Waarom zuiver plantaardige landbouw niet duurzaam is en de misperceptie van de koolstofvoetafdruk van vee

Waarom zuiver plantaardige landbouw niet duurzaam is en de misperceptie van de koolstofvoetafdruk van vee

Nieuws Waarom zuiver plantaardige landbouw niet duurzaam is en de misperceptie van de koolstofvoetafdruk van vee
Gepubliceerd op 22 maart 2023

Uitspraken zoals "we moeten onze veestapel afschaffen en die landbouwgronden gebruiken om plantaardig voedsel te telen" worden tegenwoordig vaak gehoord. Het impliceert dat vee enkel dient om vlees te produceren. Maar het is complexer dan dat, want vee heeft diverse waardevolle functies vanuit een ecologisch perspectief. Prof. Dr. Wilhelm Windisch is onderzoeker aan de Technische Universiteit van München en expert op het gebied van veevoeder. Hij brengt nuance aan in de bovenstaande uitspraak.

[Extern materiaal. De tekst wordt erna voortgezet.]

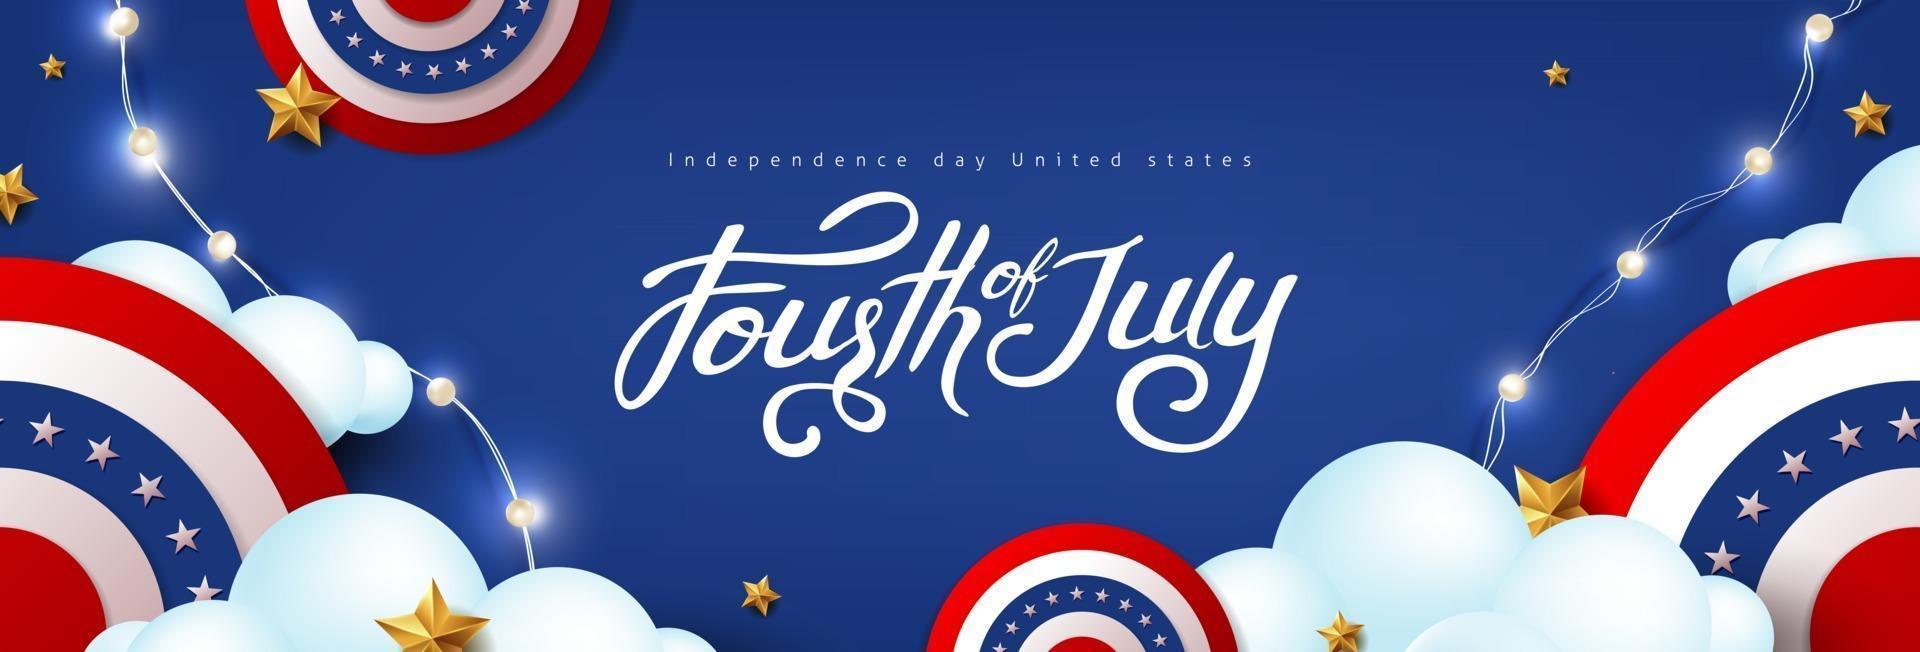 självständighetsdagen usa firande banner med festlig dekoration amerikansk på moln himmel. vektor

Allereerst is het belangrijk om te bepalen hoe we het landbouwareaal indelen. Wereldwijd is ongeveer 70% van het landbouwareaal onbruikbaar om voedsel te kweken door geografische redenen. Die gebieden zijn te steil, te koud, rotsachtig.... De overige 30% is landbouwgrond die geschikt is voor voedselproductie.

Bovendien kan die schaarse 30% ook niet volledig worden ingezet om voedsel te telen. Het exacte bruikbare aandeel hangt af van het landbouwsysteem. Biologische landbouw vereist bijvoorbeeld een gewasrotatie waarbij 1/3e van die landbouwgrond moet worden gewijd aan niet-eetbare gewassen zoals (gras)klavers. Die verzamelen dan stikstof om de plantaardige voedselgewassen te laten groeien. In de praktijk wil dat zeggen dat een deel van de landbouwgrond ook grasland bevat.

De voetbalveldmetafoor maakt het eenvoudig om die indeling te visualiseren. Het volledige voetbalveld stelt daarbij het totale landbouwareaal voor. De grond die we inzetten om voeding te kweken is ongeveer twee strafschopgebieden groot en het overige speelveld is grasland. Grasland is enkel nuttig voor voedselproductie als er landbouwvee – en dan specifiek herkauwers – op verblijft.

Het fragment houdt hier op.